Toya Takashi, Nakajima Yujiro, Hara Konan, Kaito Satoshi, Nishida Tetsuya, Uchida Naoyuki, Shingai Naoki, Takeda Wataru, Ozawa Yukiyasu, Tanaka Masatsugu, Yoshihara Satoshi, Katayama Yuta, Eto Tetsuya, Sawa Masashi, Ota Shuichi, Ohigashi Hiroyuki, Takada Satoru, Kataoka Keisuke, Kanda Junya, Fukuda Takahiro, Ogata Masao, Taguchi Ayumi, Atsuta Yoshiko
Hematology Division Tokyo Metropolitan Komagome Hospital Tokyo Japan.
Department of Radiological Sciences Komazawa University Graduate School Setagaya Japan.
EJHaem. 2025 Aug 9;6(4):e70117. doi: 10.1002/jha2.70117. eCollection 2025 Aug.
Clinically significant cytomegalovirus infection (csCMVi) and non-relapse mortality (NRM) remain serious concerns after allogeneic hematopoietic stem cell transplantation (HSCT), but subpopulations with heterogeneous treatment effects (HTEs) is unclear. Although machine learning (ML) algorithms have recently been applied to HSCT, the methodology has not been well elucidated.
We developed a ML algorithm which combined weighting procedures and left-truncated and right-censored trees based on classification and regression tree algorithms to fit survival data with time-varying covariates and competing risks comprehensively. The Japanese large-scale registry data were applied to the algorithm to explore subpopulations with HTEs of csCMVi and NRM after HSCT. Its performance was evaluated by comparing their c-indices with those of the conventional Fine-Gray model.
A total of 10,480 patients were divided into training (75%) and test (25%) cohorts; the training cohort was used to develop the ML model. Using the model, patient CMV-seropositivity, patient age, and acute graft-versus-host disease were identified as important predictors of csCMVi. In addition, the patients were successfully classified by the estimated cumulative incidence of csCMVi, which varied from 22.7% at 0.5 year to 82.7%. This model also depicts interpretable survival trees in various settings. Similarly, the patients can be also classified based on the estimated 3-year NRM, which varied from 8.0% to 48.5%. C-indices of the ML and the Fine-Gray model using the test cohort showed comparable performance.
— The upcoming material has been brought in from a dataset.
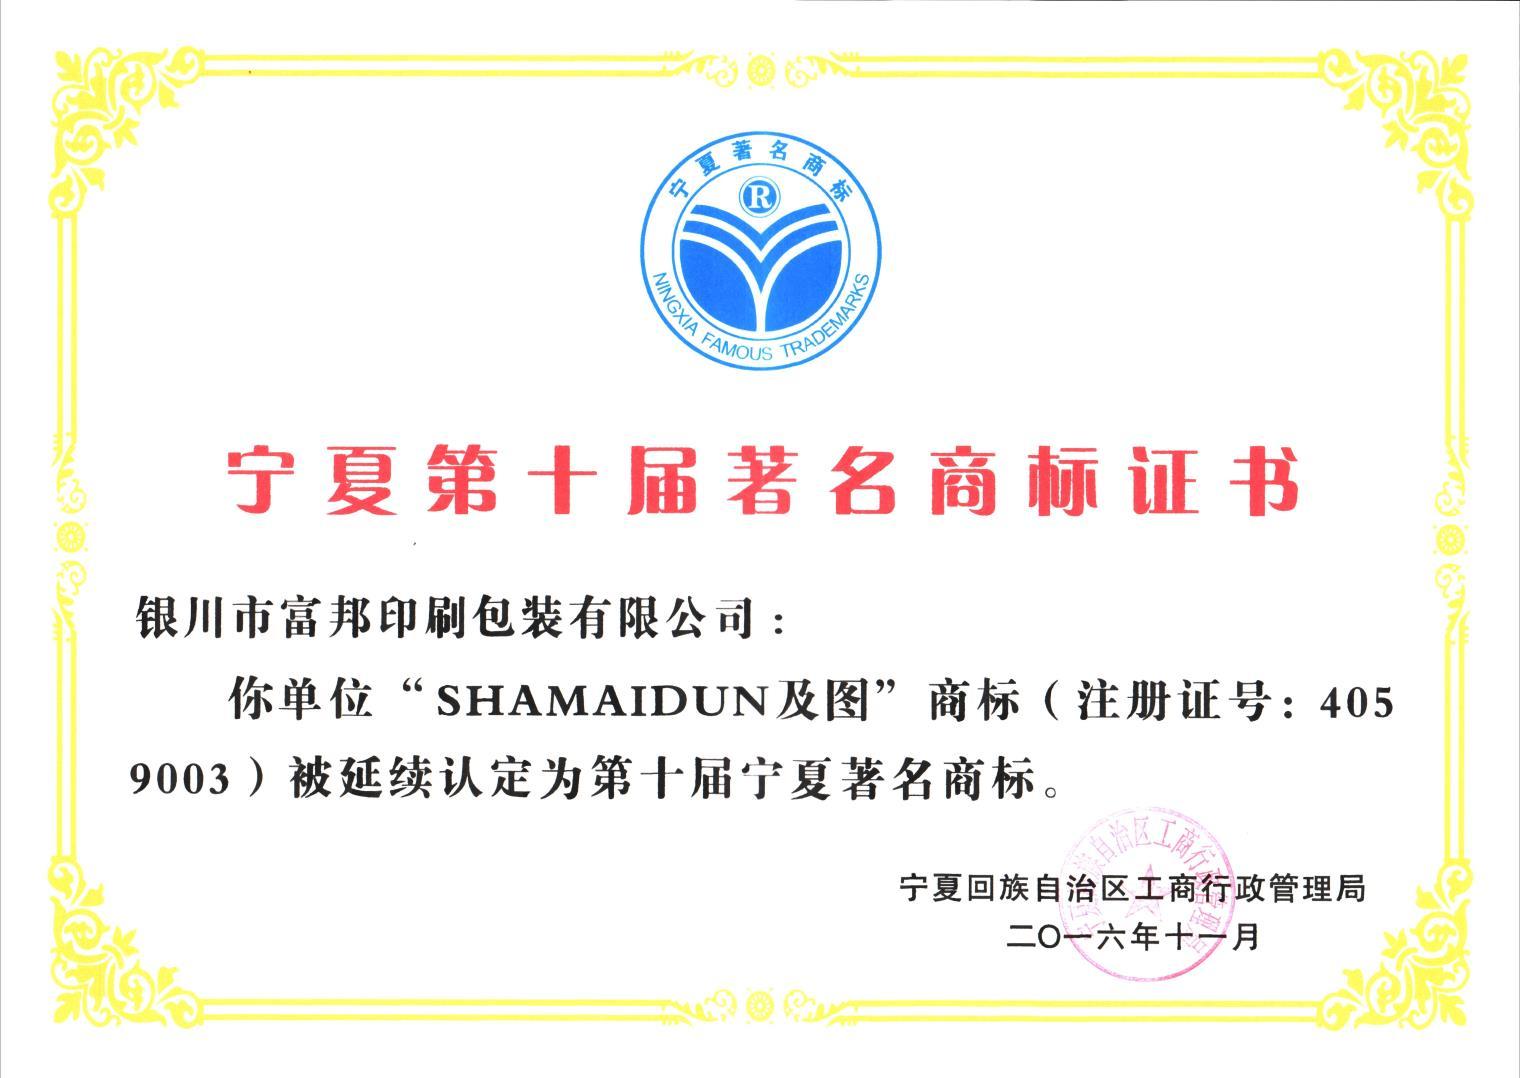 企業榮譽 單頁-銀川市富邦印刷包裝有限公司

A reliable, explainable, and interpretable ML model was developed to explore subpopulations with HTEs of csCMVi and NRM after HSCT. : The authors have confirmed clinical trial registration is not needed for this submission.
在异基因造血干细胞移植(HSCT)后,具有临床意义的巨细胞病毒感染(csCMVi)和非复发死亡率(NRM)仍然是严重问题,但具有异质性治疗效果(HTEs)的亚群尚不清楚。尽管机器学习(ML)算法最近已应用于HSCT,但其方法尚未得到充分阐明。
我们开发了一种ML算法,该算法基于分类和回归树算法,结合加权程序以及左截断和右删失树,以全面拟合具有随时间变化的协变量和竞争风险的生存数据。将日本大规模登记数据应用于该算法,以探索HSCT后csCMVi和NRM的HTEs亚群。通过将其c指数与传统的Fine-Gray模型的c指数进行比较来评估其性能。
总共10480名患者被分为训练组(75%)和测试组(25%);训练组用于开发ML模型。使用该模型,患者的CMV血清阳性、患者年龄和急性移植物抗宿主病被确定为csCMVi的重要预测因素。此外,根据csCMVi的估计累积发病率成功地对患者进行了分类,其从0.5年时的22.7%到82.7%不等。该模型还描绘了各种情况下可解释的生存树。同样,患者也可以根据估计的3年NRM进行分类,其从8.0%到48.5%不等。使用测试组的ML和Fine-Gray模型的c指数显示出可比的性能。
开发了一种可靠、可解释且具有可解释性的ML模型,以探索HSCT后csCMVi和NRM的HTEs亚群。作者已确认本提交不需要临床试验注册。